Abstract

The aim of this study is to investigate the impact of pediatric integrated care, including peer-to-peer family support, on outcomes for children with mental health needs in a multicultural, urban safety-net system. We conducted a prospective, quasi-experimental clinical trial comparing health service utilization and spending between children nonrandomly assigned (at the clinic level) to the intervention or to usual care. We analyzed service-use data in 30-day segments for 12 months pre-post initial evaluation. Outcome variables were mental health, pediatric, and pharmacy utilization. The main explanatory variables were treatment group, time, and their interaction. In addition, we examined within-group changes (pre-post) on standardized measures of clinical functioning. Intervention youths were more likely to: be Black or Hispanic (61% vs 43%; p < 0.001); speak Spanish or Portuguese (52% vs 32%; p < 0.001); and carry multiple mental health diagnoses at baseline (42% vs 30%; p = 0.009).
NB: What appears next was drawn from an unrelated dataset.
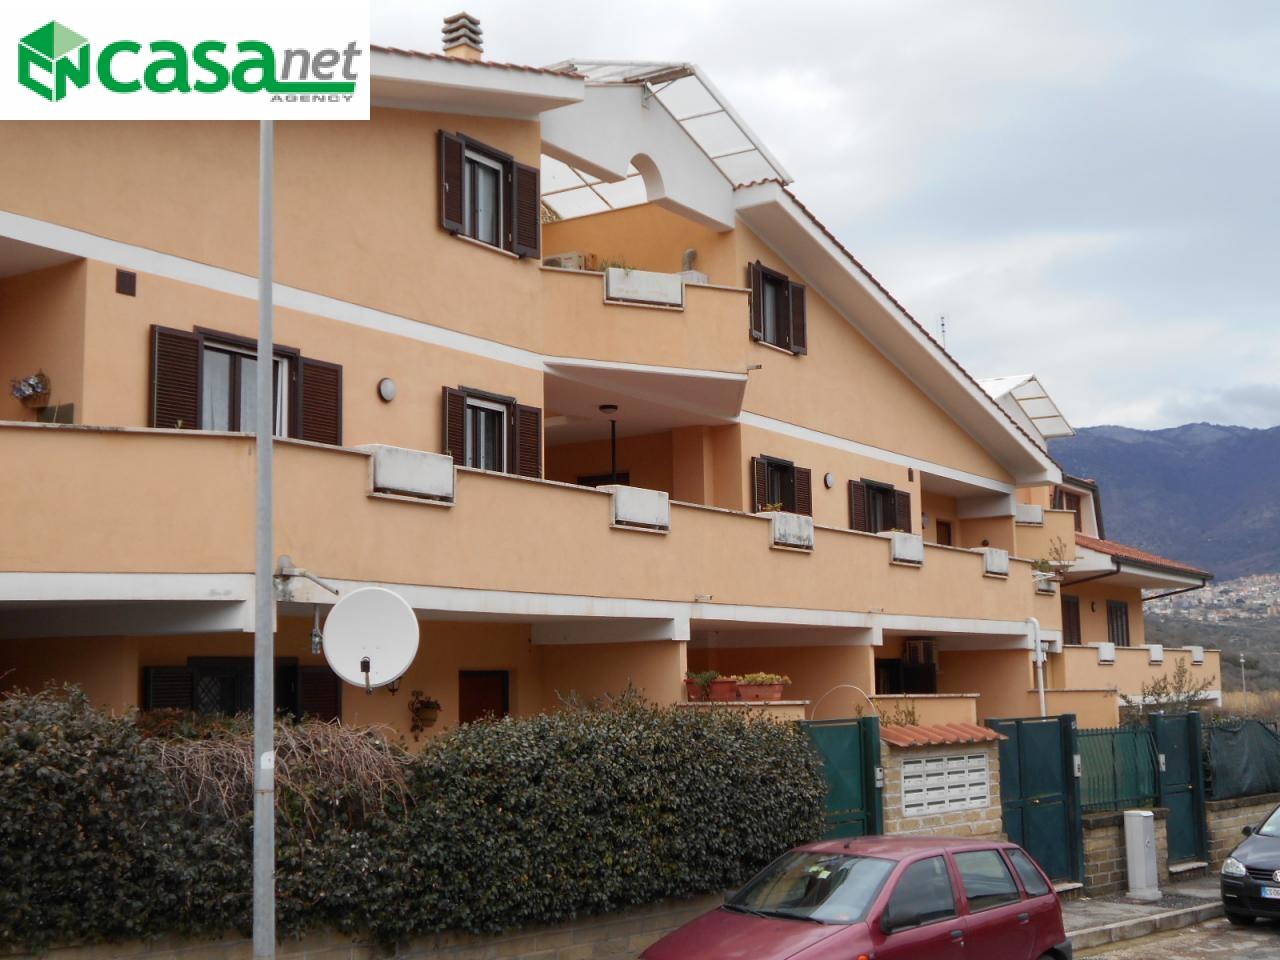 Appartamento in vendita a Marcellina, 3 locali, zona Località: ScaloFerrroviario, prezzo € 80.000 | CambioCasa.it
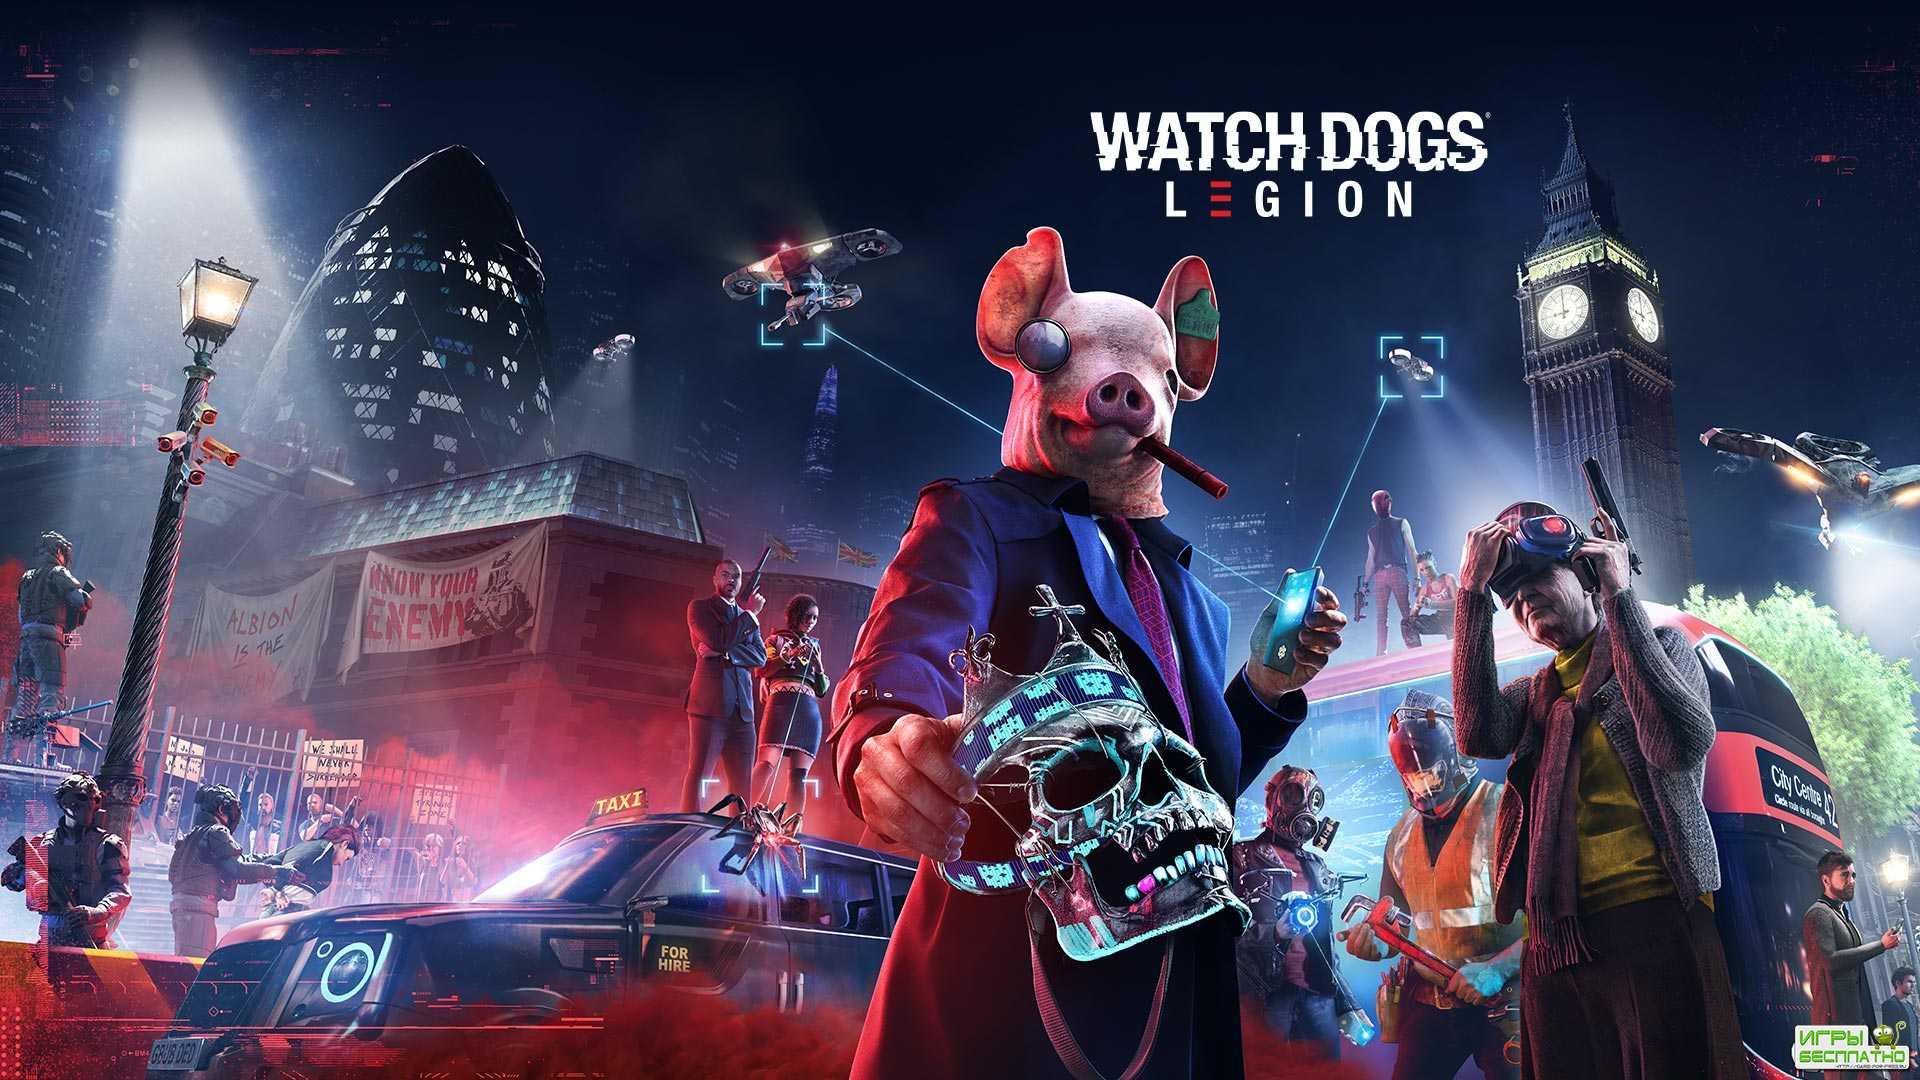 Watch Dogs: Legion получит крупное обновление с новыми персонажами и улучшениям геймплея

Doubly robust estimation results indicated that the intervention group had a 36% larger pre-post gain in outpatient mental health utilization (+15.6 pts.; standard error [SE] = 6.7) but no difference in outpatient mental health spending compared to controls. Intervention youths had 20% pre-post reductions in ED admissions (–5.6 pts.; SE = 2.2) and outpatient PH utilization (–19.2 pts.; SE = 5.2). The control group experienced no significant changes. Within-group analyses of clinical functioning, including measures of self-harm, revealed statistically significant improvement from baseline to 6 months and again from 6 months to 12 months. Overcoming mental healthcare access barriers for children and families, often mediated by structural racism, requires new models of care. In addition to significant clinical change on longitudinal measures, for the intervention group, evidence from propensity-score–weighted analyses indicate service use changes consistent with reduced health status inequity.